Cancer occurs from mutations, or harmful changes from an alteration in a gene’s DNA sequence. Most mutations involve changes in the order of the base pairs, including substitutions, deletions, additions, or shifts. Mutations can be divided into broad categories based on the tissue where they occur.
Somatic or acquired mutations are the most common cause of cancer. These mutations occur from damage to genes in an individual cell during a person’s life. Cancers that occur because of somatic mutations are referred to as sporadic cancers. Somatic mutations are not found in every cell in the body and they are not passed from parent to child. Some common carcinogens that cause these mutations include tobacco use, ultraviolet radiation, viruses, chemical exposures, and aging.
Germline mutations are far less common. A germline mutation occurs in a sperm cell or an egg cell and is passed directly from a parent to a child at the time of conception. As the embryo grows into a baby, the mutation from the initial sperm or egg cell is copied into every cell in the body. Because the mutation affects reproductive cells, it can pass from generation to generation.
Cancer caused by germline mutations is called inherited or hereditary cancer. It accounts for about 5%–10% of all cancers. More than 50 different hereditary cancer syndromes have been identified that can be passed from one generation to the next. Family and personal histories suggestive of germline mutations include:
- Early onset cancer (breast, colon, or endometrial cancer under age 50)
- Rare cancers (male breast cancer)
- Certain pathologies (triple-negative breast cancer)
- More cancers in a family than would be expected by chance
See the sidebar for more red flags that might indicate germline risk.

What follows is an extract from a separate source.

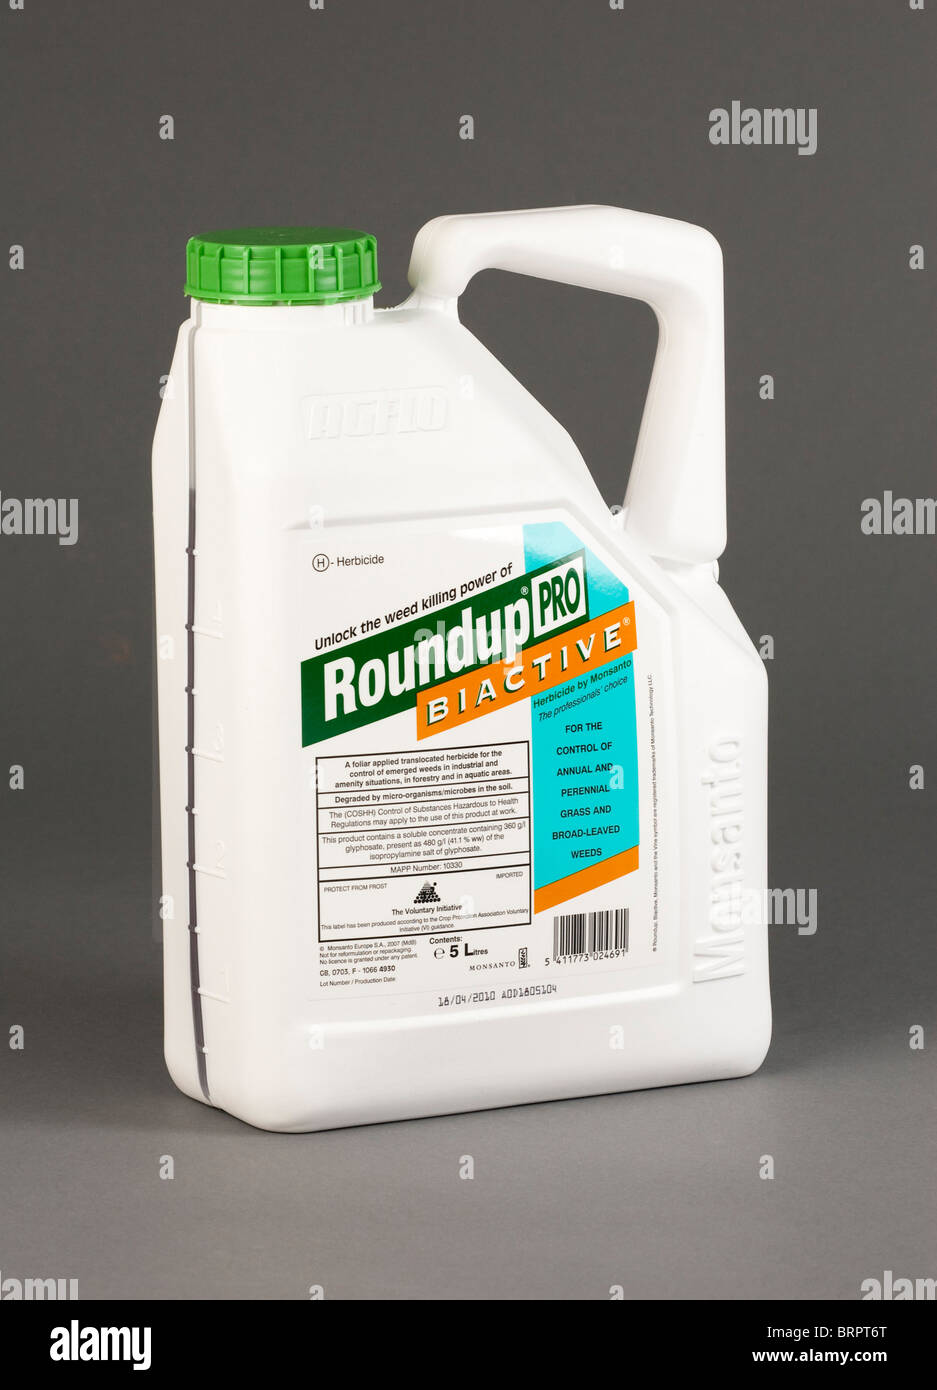 Roundup ProBiactive weedkiller made by Monsanto Stock Photo

Identifying the Difference
In general, cancer cells have more genetic changes than normal cells, but each person’s cancer has a unique combination of genetic alterations. Some of these changes may be the result of cancer cells dividing, rather than the initiating event that led to the development of the cancer. As the cancer continues to grow, additional changes will occur. Even within the same tumor, cancer cells may have different genetic changes.
DNA sequencing techniques can identify both germline and somatic mutations by comparing the sequence of DNA with that in normal cells. Germline mutations can be identified by utilizing a saliva sample that contains buccal cells or a blood sample. Genetic testing in the tumor can be utilized to identify genetic changes in cancer cells that may be driving the growth of an individual’s cancer. This information may help determine which therapies might be most effective for treating a particular malignancy. Information provided by germline and tumor testing may overlap. For example, a person with a malignancy who has a BRCA mutation in the tumor, may or may not have an inherited BRCA mutation. Germline testing will be necessary to determine if the mutation is inherited. Depending on the cancer type, both tumor and germline testing may be used to help select treatment options. Thus, tumor DNA sequencing can also suggest the presence of inherited mutations. Patients should be referred for germline mutation testing if they have a personal or family history suggestive of hereditary risk, the tumor has microsatellite instability, the gene in the tumor is a cancer susceptibility gene, the gene is considered pathogenic or likely pathogenic, or the allele frequency approaches 50%.
What Oncology Nurses Need to Know
Oncology nurses are challenged to know when to refer patients for germline testing and to explain the difference between germline and somatic genetic changes and that germline changes can be present in tumors. This is confusing and stressful for patients and families, especially if tumor testing suggests germline risk because patients must cope not only with a cancer diagnosis but also the possibility that other family members have a hereditary susceptibility to develop malignancy. Genetic testing can also be lifesaving and reduce the morbidity and mortality associated with malignancy when information about somatic genetic changes guides treatment choices and knowledge of germline mutations identifies individuals at risk for developing malignancy and their appropriate cancer prevention and early detection strategies.